Conversely, if you know you can't find a smallest counter example, suppose P(k) is true, but then P(k)=>P(k+1) is true, otherwise P(k+1) is false and there is some set of s for which P(s) is false (it contains k+1) and hence is non empty and has a minimal element, which is a contradiction), and P(0) must be true otherwise 0 is a minimal element for which it is false. Thus we have shown we can prove it by induction too.

And it is a well ordering, not a partial ordering that you use.

Last edited: May 1, 2006
6. May 1, 2006

### gnome

Hmm... well-ordering only applies to integers, is that correct?

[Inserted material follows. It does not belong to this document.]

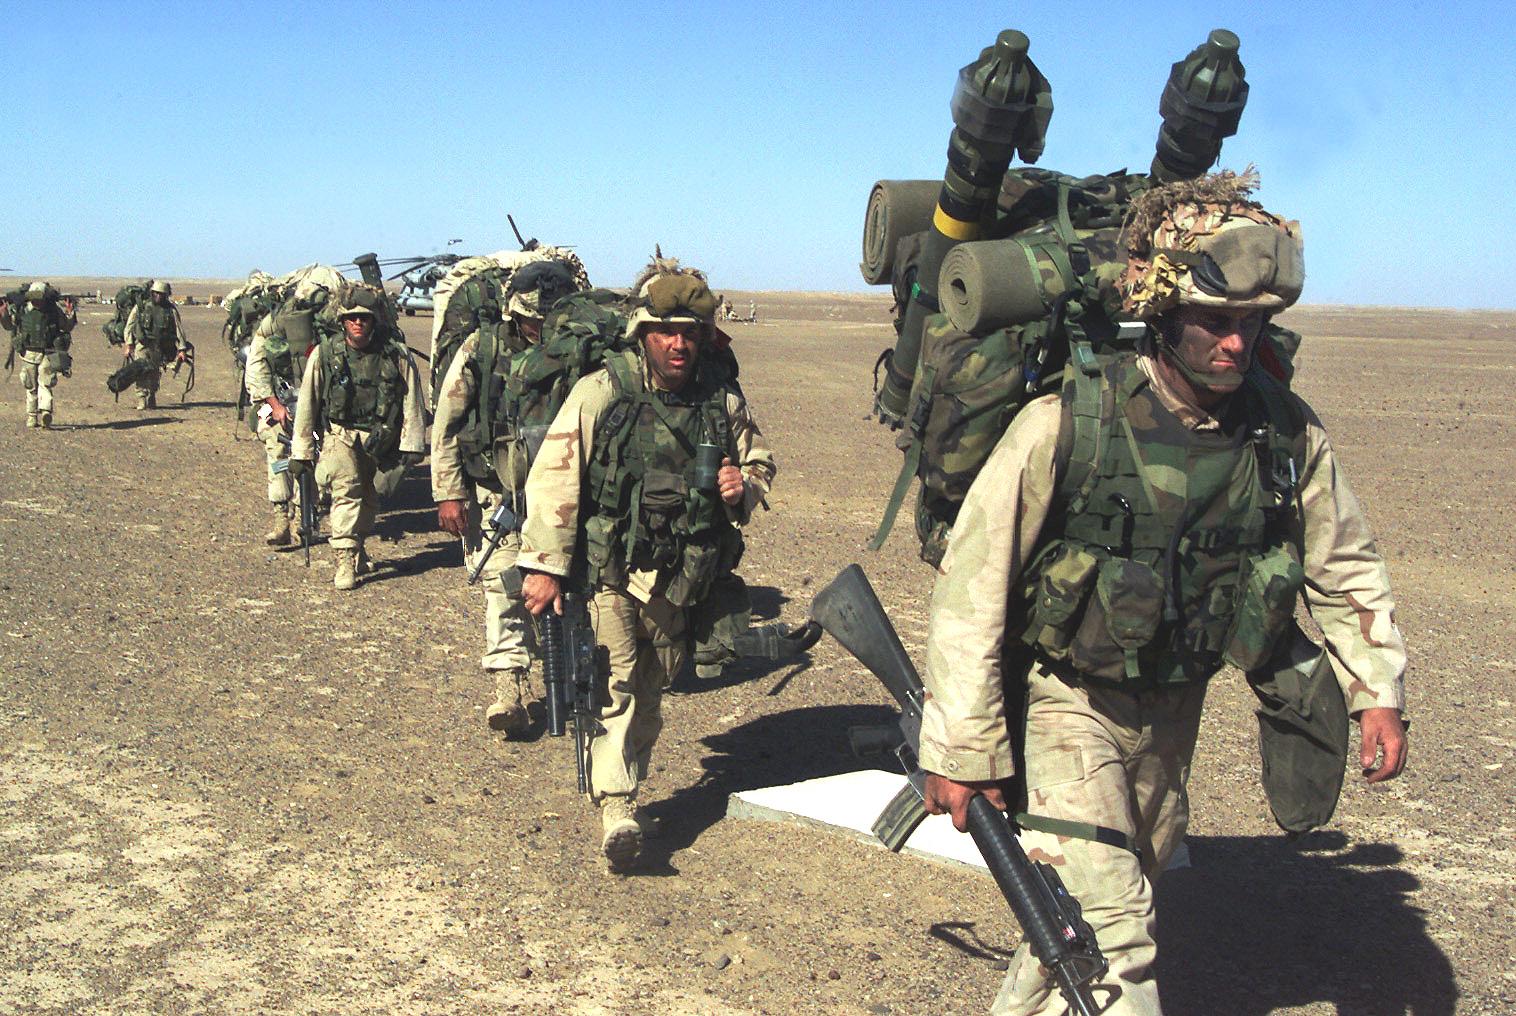 U.S._Marines_humping_in_Afghanistan,_November_2001.jpg

Maybe this can't really be discussed in generalities. I want to prove that the conjunction (call it P) of these three sentences can't be satisfied in any finite domain.

$$(\forall{x}) (\exists{y})(R\, x,y)$$
$$\sim(\exists{x})R\, x,x$$
$$(\forall{x})(\forall{y})(\forall{z})[(R\,x,y \wedge R\,y,z) \supset R\, x,z]$$

I've already done so, using a directed graph argument. One of my classmates wants to argue along these lines: Assume (for contradiction) that P is satisfiable in some finite domains. Then there must be some smallest set S of n elements for which P is satisfied. Next, show that if P is satisfiable by a set of n elements, it must be satisfiable by a set of n-1, thus disproving the first assumption.

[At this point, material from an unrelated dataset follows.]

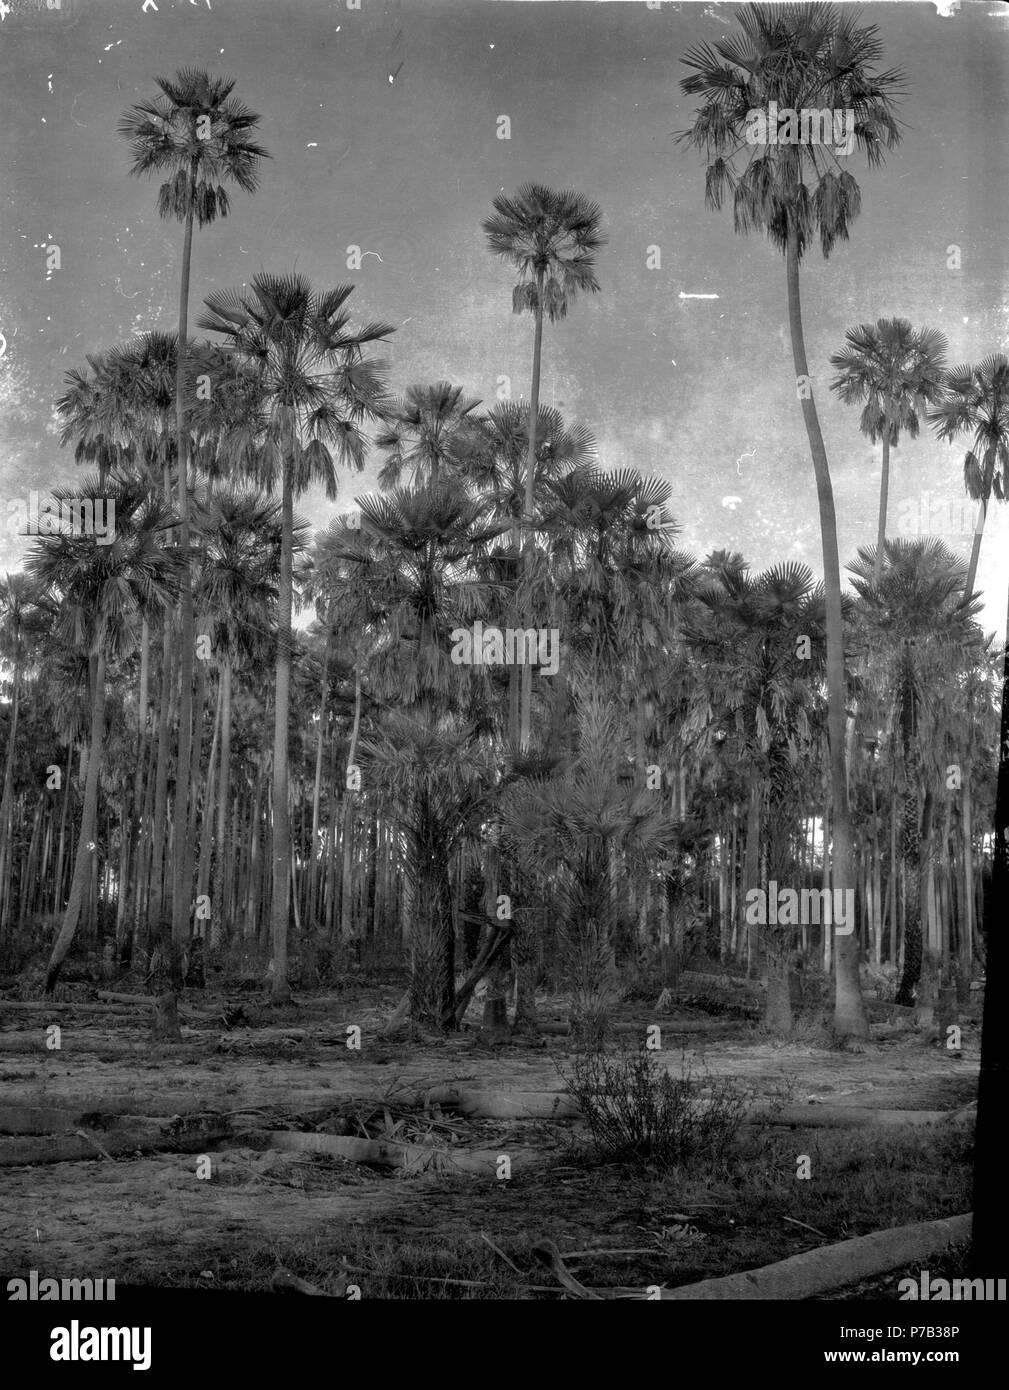 176 Palmskog Vid Rio Pilcomayo Fotografititel Katalogkort Hoga

Ignore for the moment the question of whether that inductive step can actually be proven (I suspect that I can find a hole in that part of his argument as well). My question is, for these sentences is it even valid to assume some smallest set to begin with? And if so, why?

7. May 1, 2006

### matt grime

no, not at all. I did explain that every set can be equipped with an ordering that makes it well ordered if we assume the axiom of choice, and further the integers are not well ordered with thier usual ordering: the set of integers less than 0 has no minimal element. The naturals are well ordered.

Let S be the set of natural numbers for which the three statements are not satisfiable. It is a subset of the *natural numbers*. If it is non-empty it has a minimal element.

8. May 1, 2006

### gnome

Sorry, that was just sloppiness on my part. I had "natural numbers" in mind.

I don't think that is the issue. This assertion has to be proven for ALL finite domains, so we're not dealing with a minimal element. We're dealing with a set of minimal cardinality.

I've become more or less convinced that his starting point is valid. It's his inductive step that needs more scrutiny. But I have to go to a class now so that'll have to wait. Thanks for your help.

9. May 1, 2006

### matt grime

Let S be the set of cardinalities of finite sets for which they are satisfiable, then. It's still a subset of the natural numbers.

10. May 1, 2006

### gnome

Yes, that's why I said I was "more or less convinced that his starting point was valid." In fact, now I'm more, rather than less, convinced that his entire proof is valid. I just needed to think out loud a bit. Thanks for listening to my babbling.